Authentic


“The Irish poet Patrick Pearse was an authentic rebel. He might even be described as a born rebel. When a child, he was drawn to Erin’s long history of rebellion. Later, he associated with the Gaelic Revival, which laid the basis of the armed insurrection. A founding member of the first IRA, he was the real leader of the Easter Uprising in Dublin in 1916. This was why he was shot. He died without knowing that his sacrifice would spur the triumph of his cause.

A fourth, again very different example is Alexander Solzhenitsyn. Until his arrest in 1945, he had been a loyal Soviet, having rarely questioned the system into which he was born and having dutifully done his duty during the war as a reserve officer in the Red Army. His arrest and then his subsequent discovery of the Gulag and the horrors that occurred after 1917, provoked a total reversal, forcing him to challenge a system which he once blindly accepted. This is when he became a rebel — not just against Communist, but capitalist society, both of which he saw as destructive of tradition and opposed to superior life forms.

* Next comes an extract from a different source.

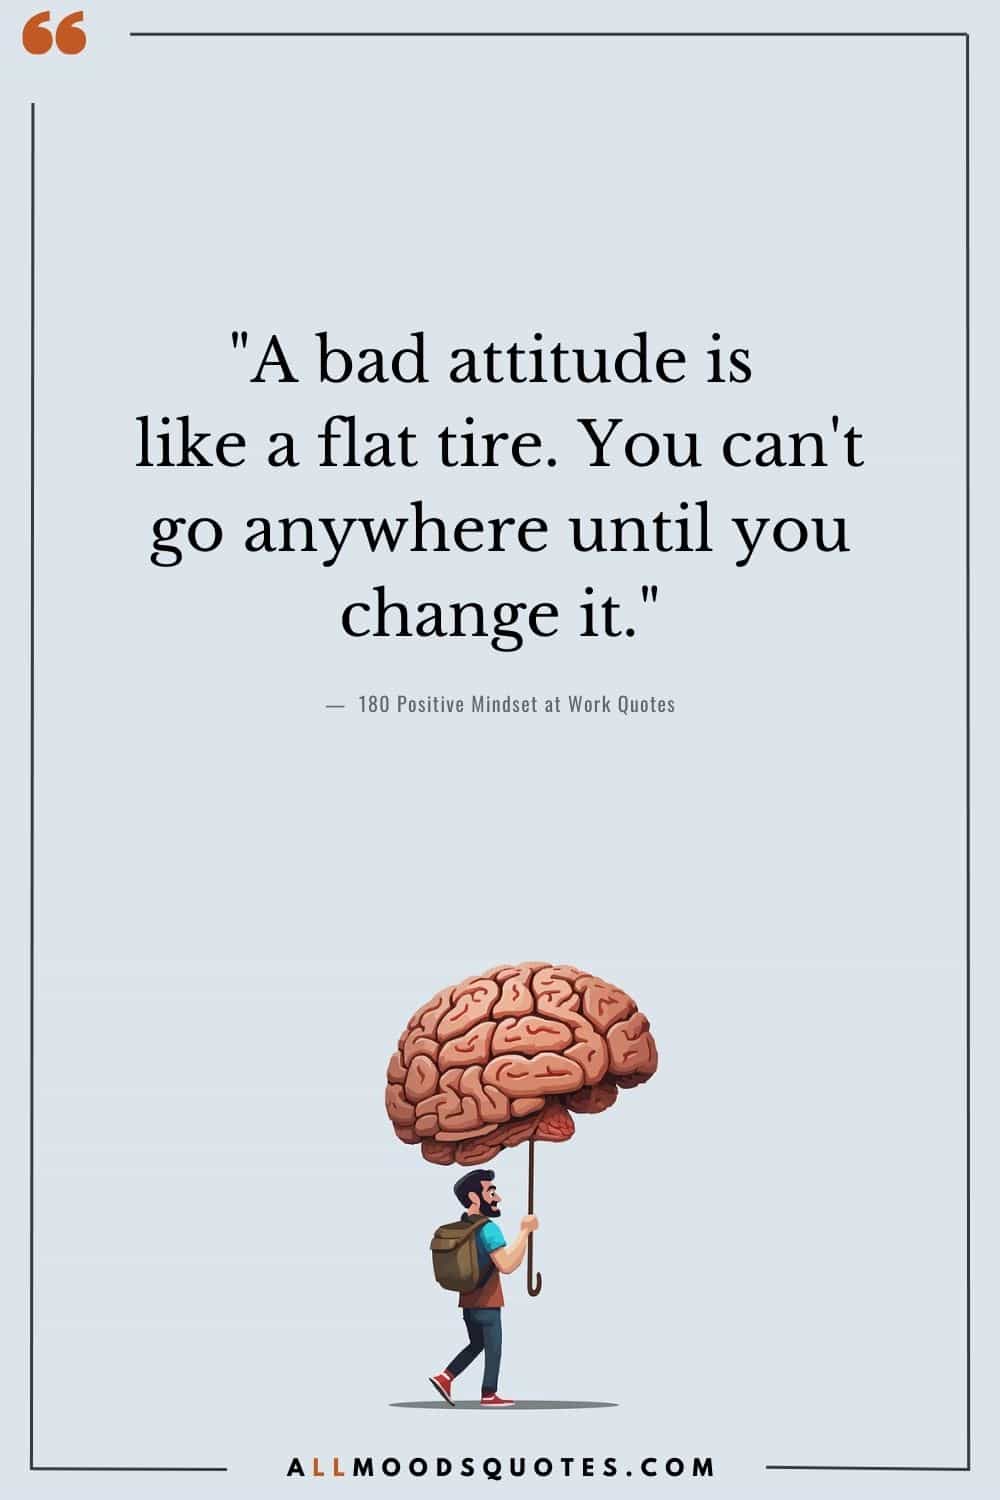 Good Attitude at Work Quotes

The reasons that made Pearse a rebel were not the same that made Solzhenitsyn a rebel. It was the shock of certain events, followed by a heroic internal struggle, that made the latter a rebel. What they both have in common, what they discovered through different ways, was the utter incompatibility between their being and the world in which they were thrown. This is the first trait of the rebel. The second is the rejection of fatalism.”

Taken from an interview with Dominique Venner.